§ **Required action**
Repeat the listing exactly. The images do not belong in the copy.

§ **Source material**

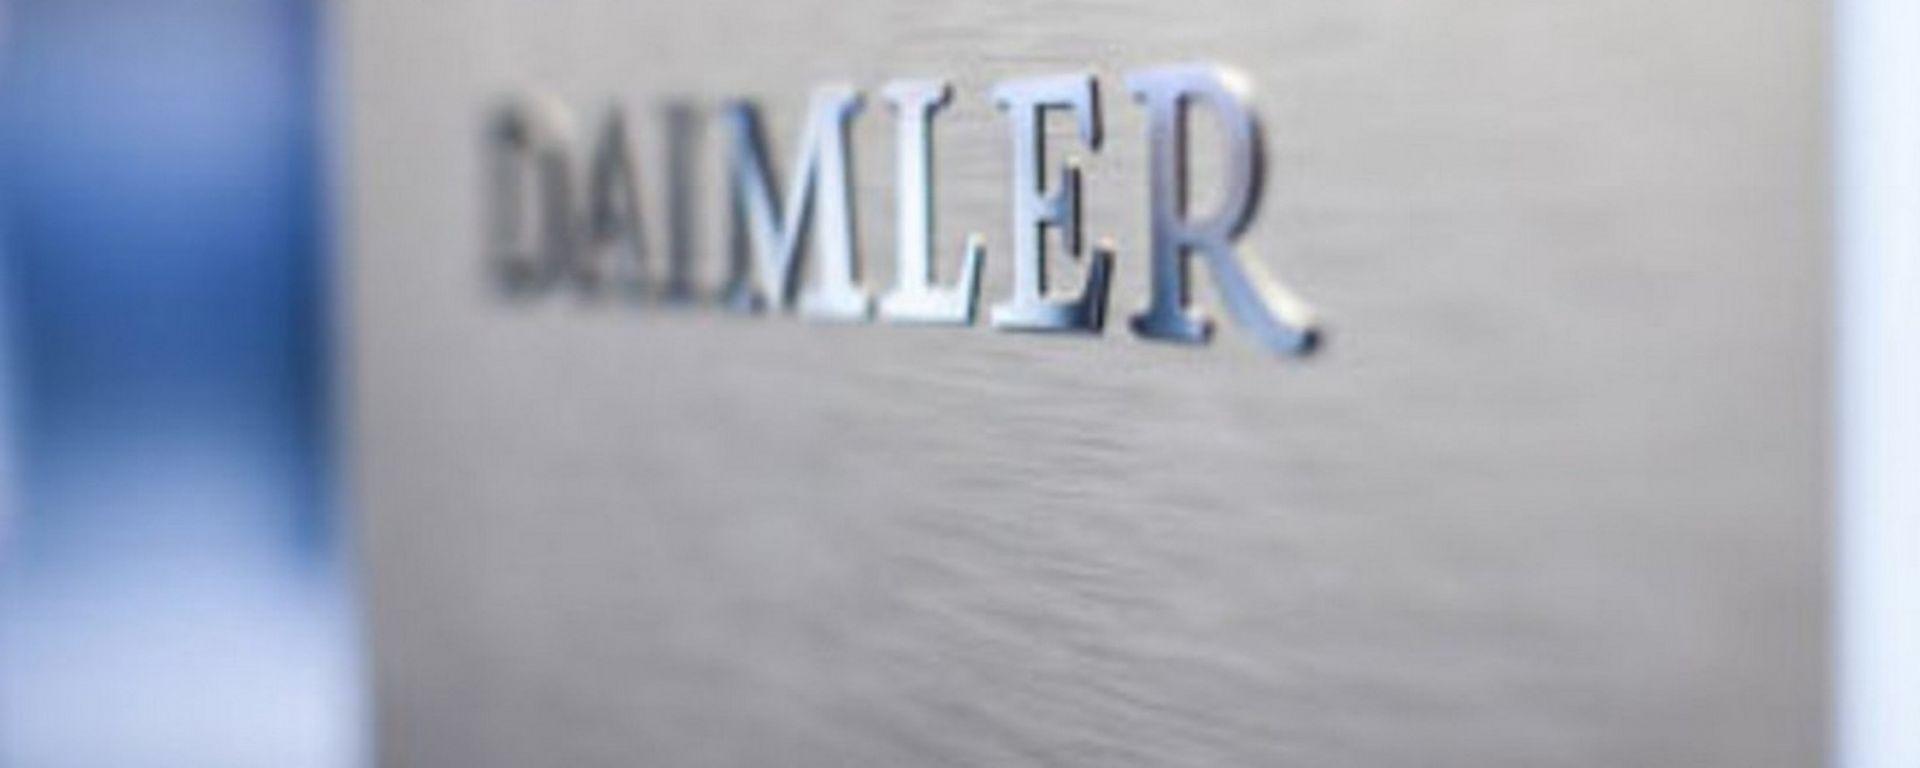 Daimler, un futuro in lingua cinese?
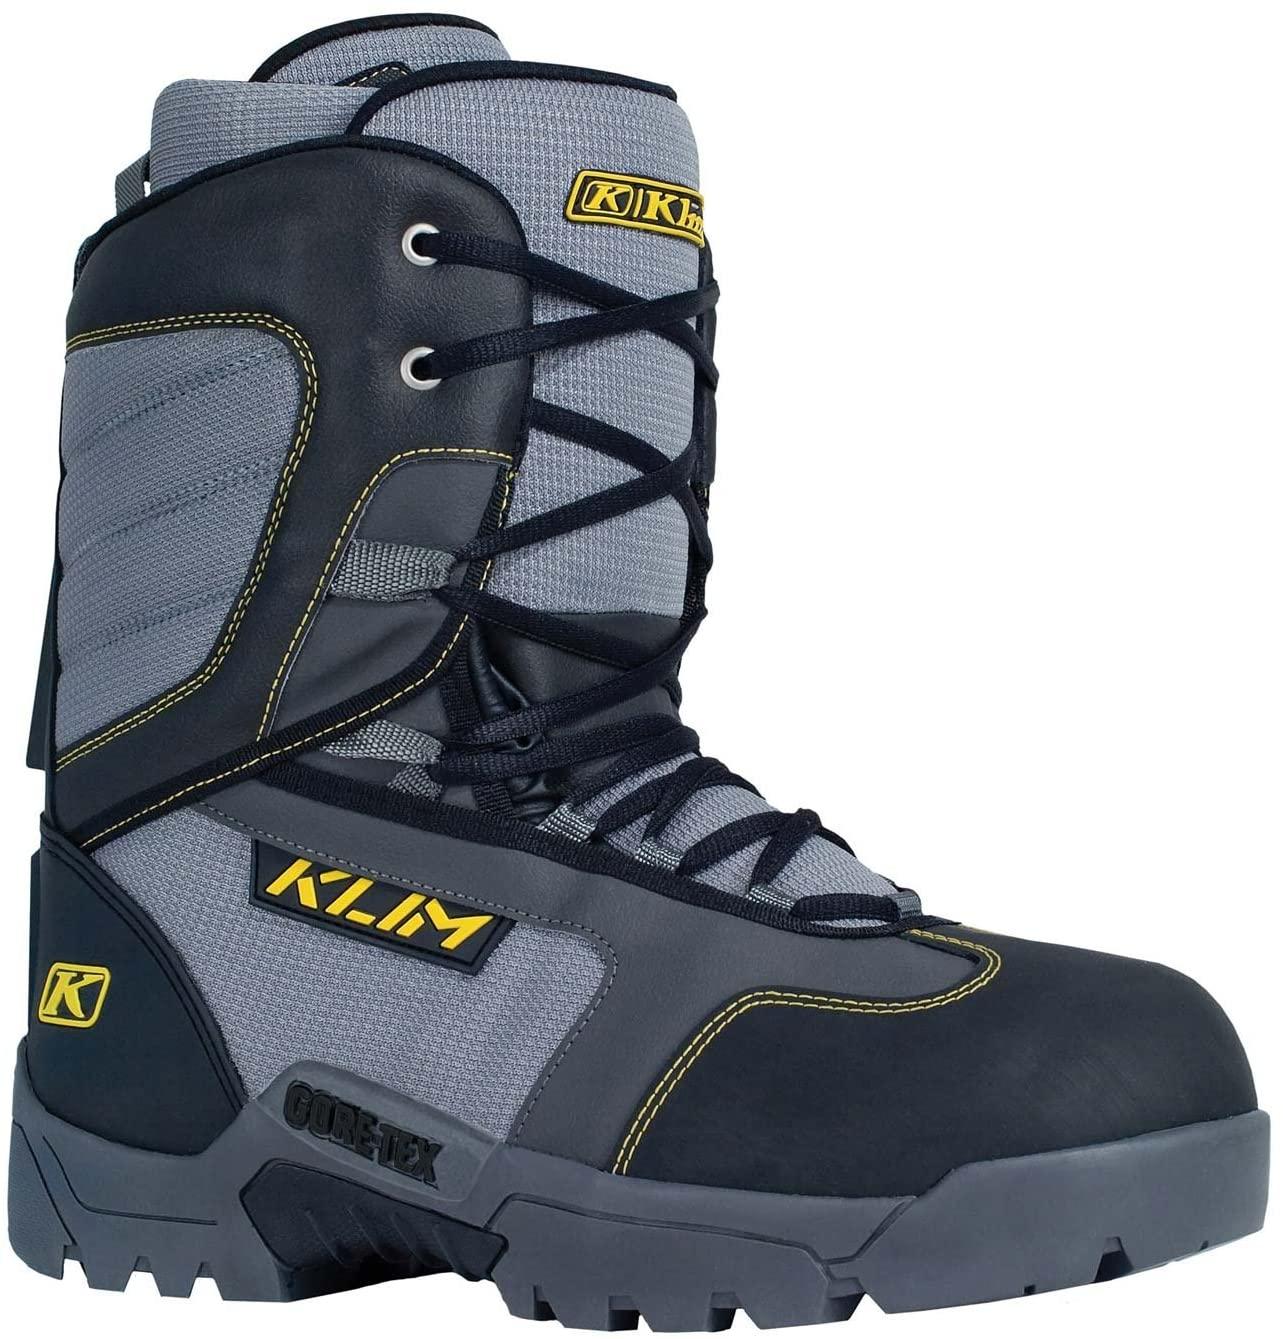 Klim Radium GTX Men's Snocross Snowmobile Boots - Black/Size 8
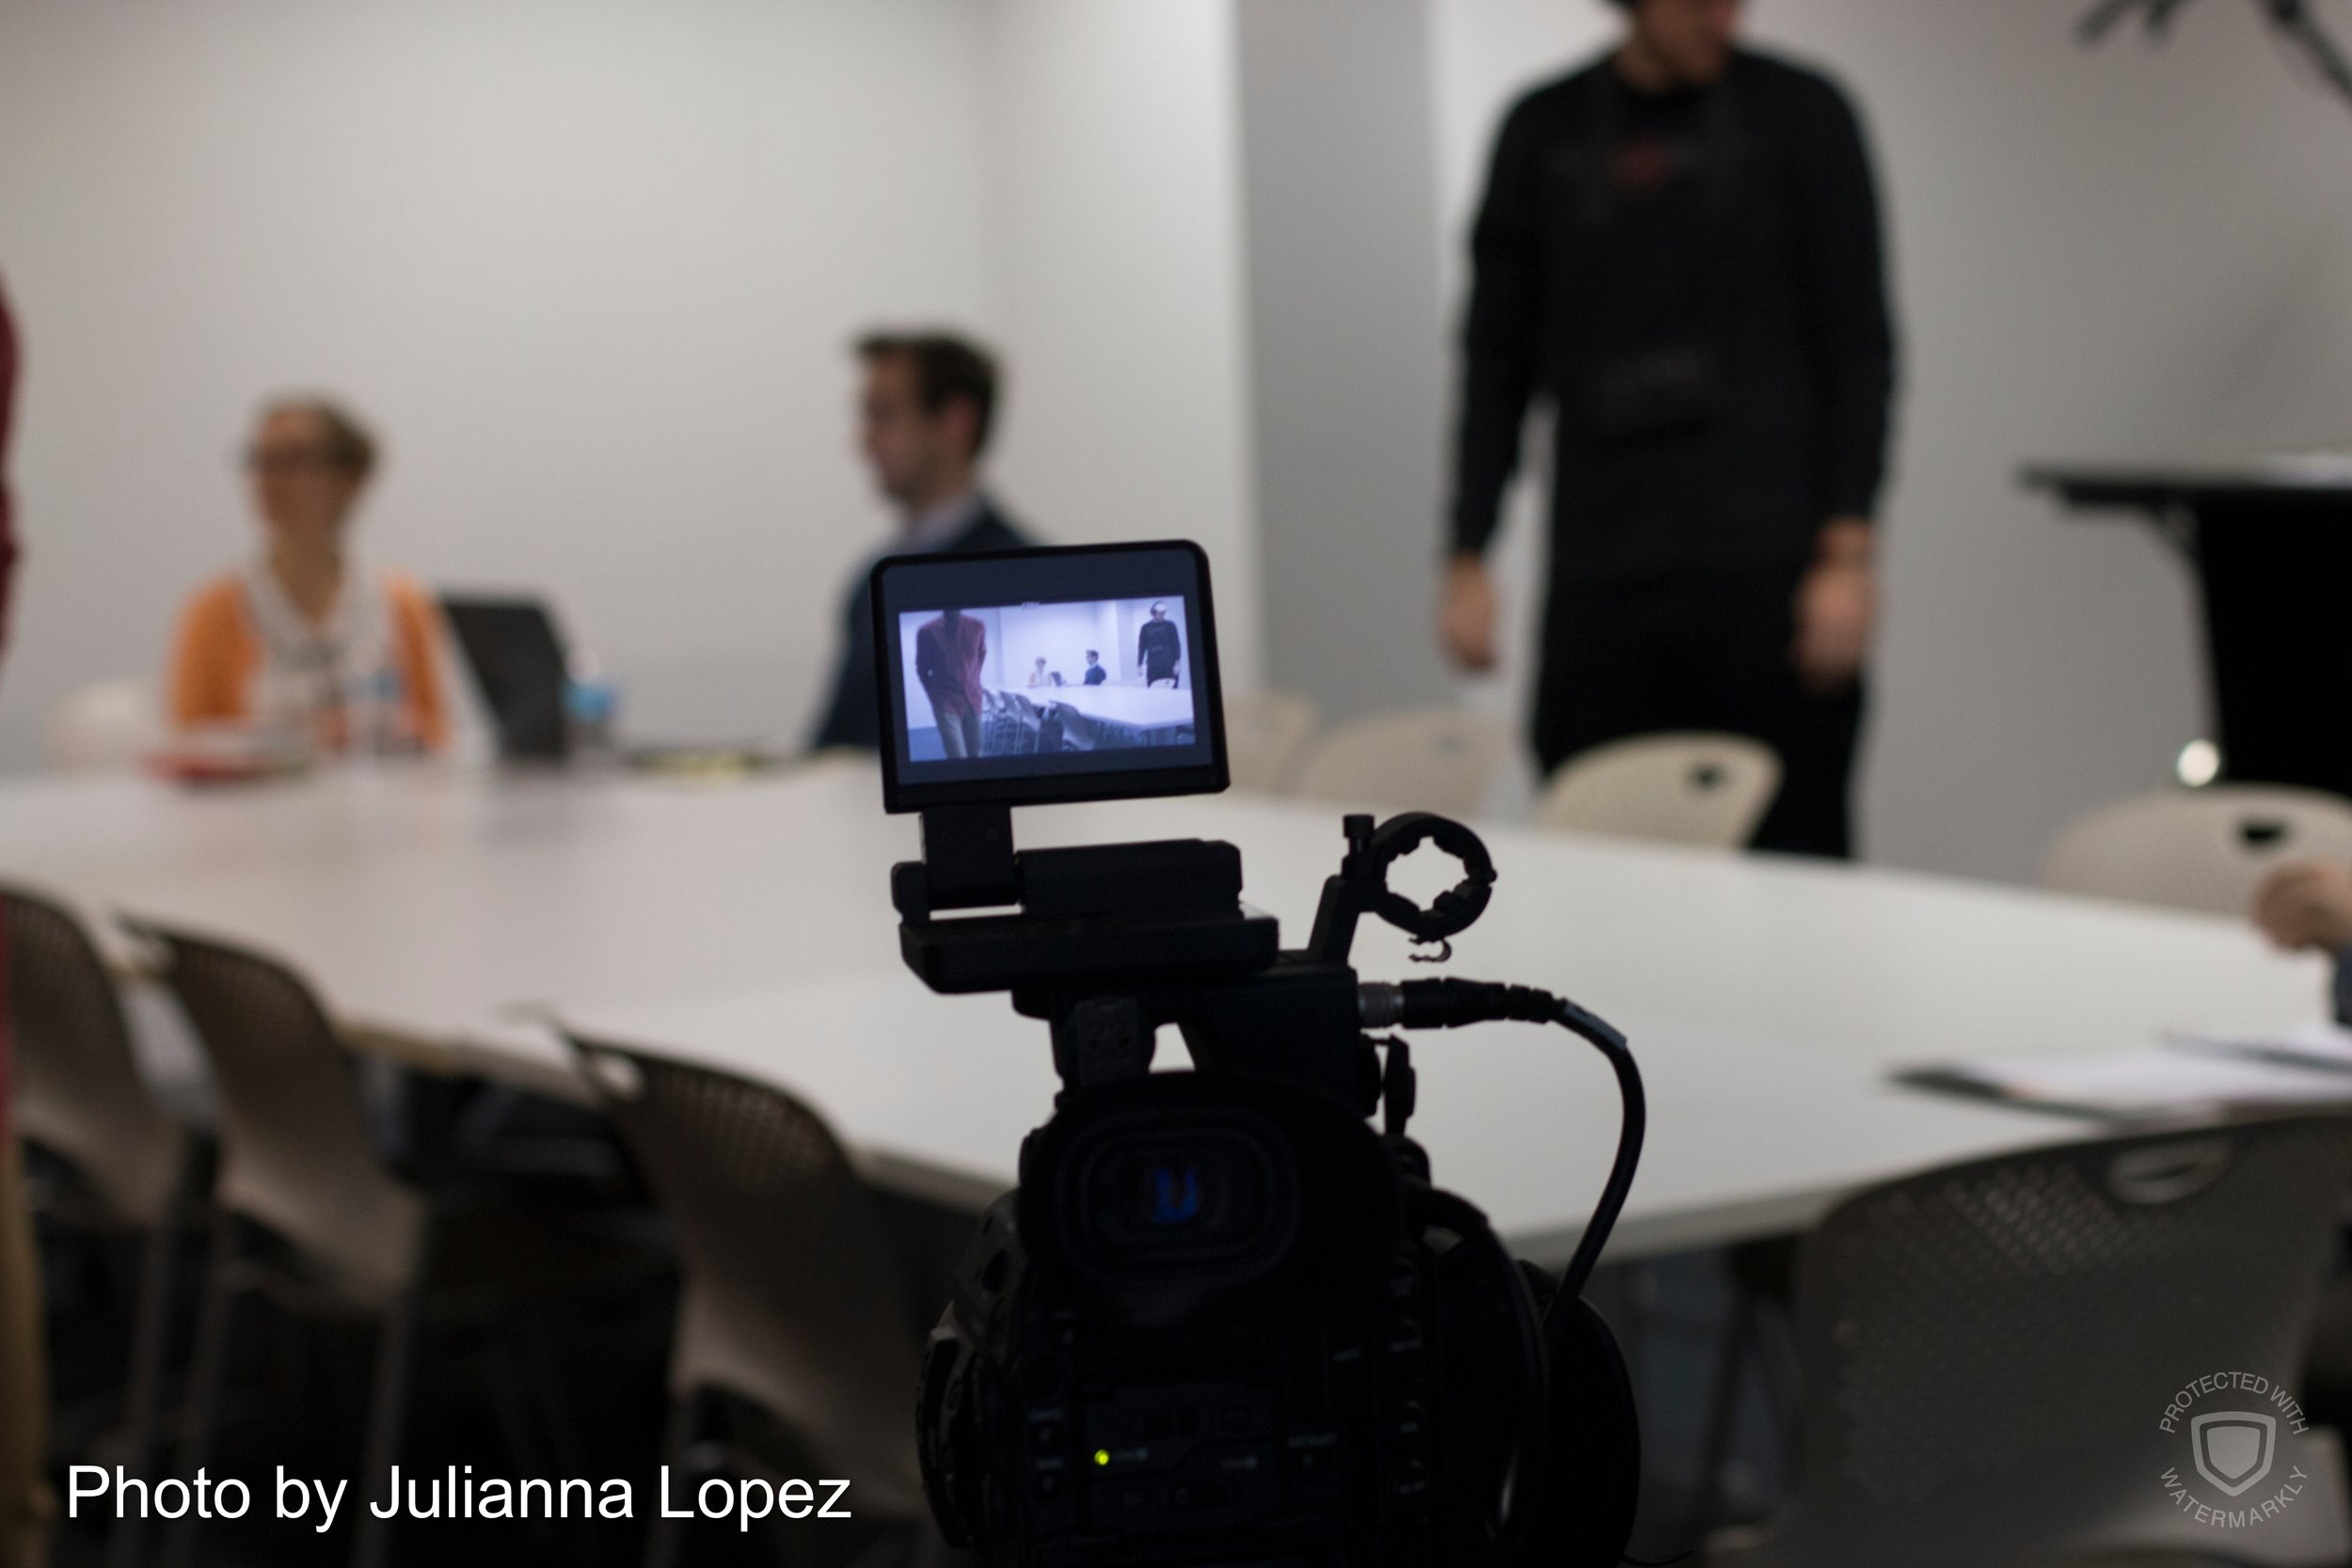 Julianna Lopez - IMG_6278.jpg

§ **Result of the task**
 Daimler, un futuro in lingua cinese?
 Klim Radium GTX Men's Snocross Snowmobile Boots - Black/Size 8
 Julianna Lopez - IMG_6278.jpg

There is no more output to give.